The federal agency that oversees U.S. foster care, the U.S. Children’s Bureau, was created in 1912 by President William Howard Taft. Each state also has a state agency that oversees foster care within its jurisdiction. As of 2021, there were more than 390,000 children in U.S. foster care. Though people may assume that most foster children are placed with non-relative foster parents—as Joseph Brook is placed with the Hurd family in Orbiting Jupiter—a non-relative foster home was the most recent placement for less than half (44 percent) of U.S. foster children in 2021. Another 35% lived in a relative foster home—that is, with biological relatives who are not their parents. 4% lived in a group home and 5 percent lived in an institution. In Orbiting Jupiter, Joseph Brook lives in both before the Maine foster care system places him with the Hurds. Notably, Joseph is somewhat older than average for foster care: the average age of a child entering foster care in 2021 was about six years old, and about one in five of all children entering foster care were—like Joseph’s daughter Jupiter—less than one year old.

Other Books Related to Orbiting Jupiter

In Orbiting Jupiter, 14-year-old Joseph Brook is shown reading four books. Two are young adult novels: M.T. Anderson’s The Astonishing Life of Octavian Nothing, Traitor to the Nation, Vol. 1: The Pox Party (2008), and its sequel, The Astonishing Life of Octavian Nothing, Traitor to the Nation, Vol. II: The Kingdom on the Waves (2009). These YA novels are historical fiction about a Black boy experimented on by white researchers during the Revolutionary War period. They trenchantly represent American racism and racist pseudoscience in a narrative for young readers. Orbiting Jupiter may have been inspired by the Octavian Nothing novels’ treatment of social prejudice against Black people in its depiction of social prejudice against children caught up in the U.S. foster care system and juvenile justice system. The other two books Joseph reads are Henry David Thoreau’s Walden (1854) and A Week on the Concord and Merrimack Rivers (1849), nonfiction works containing nature descriptions of New England. Other contemporary young adult novels with protagonists involved in the child welfare system include Robin Benway’s Far from the Tree (2019), about a girl named Grace who was adopted out of the foster care system but whose biological brother remained in it, and Jennifer Longo’s What I Carry (2020), about a girl named Muir about to age out of the foster system,
Key Facts about Orbiting Jupiter
  • Full Title: Orbiting Jupiter
  • When Published: 2015
  • Literary Period: Contemporary
  • Genre: Young Adult Novel
  • Setting: Maine
  • Climax: Mr.

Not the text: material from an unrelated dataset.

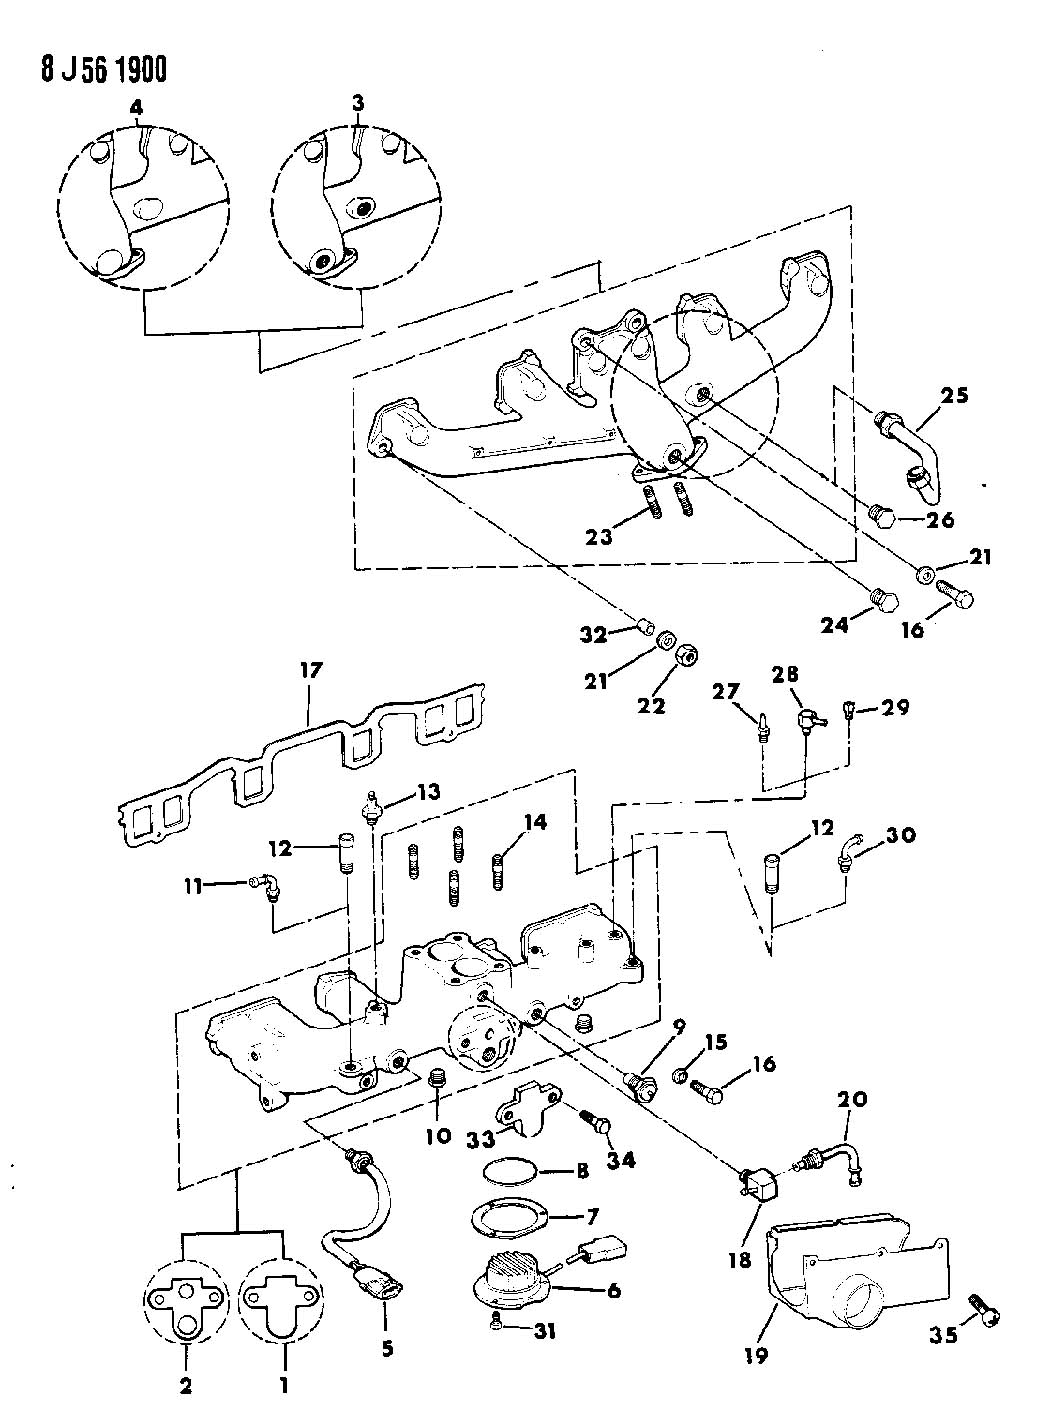 2004 jeep liberty parts diagram car tuning

Brook abducts his son Joseph and drives him onto a bridge, which collapses, killing them both.
  • Antagonist: Mr. Brook
  • Point of View: First Person

Extra Credit for Orbiting Jupiter

Academics. In addition to writing his own children’s and young-adult novels, Gary D. Schmidt has written a scholarly analysis of early 20-century children’s literature, Making Americans: Children’s Literature from 1930 to 1960 (2013).

Sequel Time. The sequel to Orbiting Jupiter, titled Jupiter Rising, is slated for publication in August 2024.